We could also require a minimum doc count in order to be in the result list like this:
"aggs": {
"products": {
"terms": {
"field": "products.ids.keyword",
"size": 10,
"exclude": "0bcc3eeca39e1064258aa1e932269894",
"min_doc_count": 2
}
}
}
This would reduce our results to five in this example and make sure there is a somewhat stronger correlation between products being bought.
So, basically we’re done now, aren’t we? If you have a small data set, this is probably good enough to run an aggregation every time a user watches your page including such recommendations. You could also go simple and just cache the above result for 10 minutes to prevent a thundering herd issue when a lot of users take a look at the same product.
However, we could also go on and instead of basing our data on orders, we could have a product centric index. It’s just one more transform away!

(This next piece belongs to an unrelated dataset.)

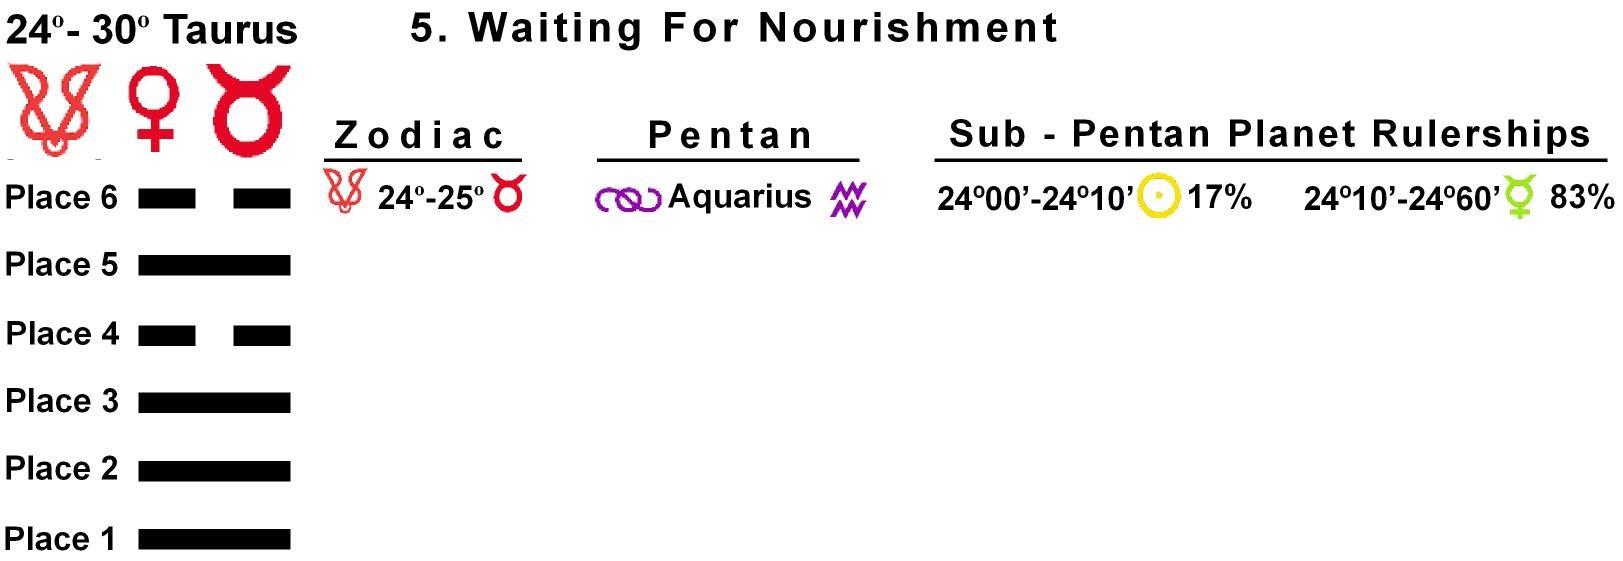 Pent-lines-02TA 24-25 Hx-05 Waiting For Nourishment

Transforming to product recommendations
To save you some time tinkering around, let’s add an ingest pipeline first, to fix some minor issues
PUT _ingest/pipeline/products-remove-own-id-pipeline
{
"description": "Removes the own product id from the list of recommended product ids and renames the 'ids' field",
"processors": [
{
"script": {
"lang": "painless",
"source": """
ctx.ids.removeAll([ctx.product_id]);
ctx['recommendation_ids'] = ctx.remove('ids');
ctx._id = ctx.product_id;
"""
}
}
]
}
This pipeline removes duplicates in the ids
element and then renames ids
to recommendation_ids
. The last part is to the set _id
to the id of the
product instead of an auto generated one.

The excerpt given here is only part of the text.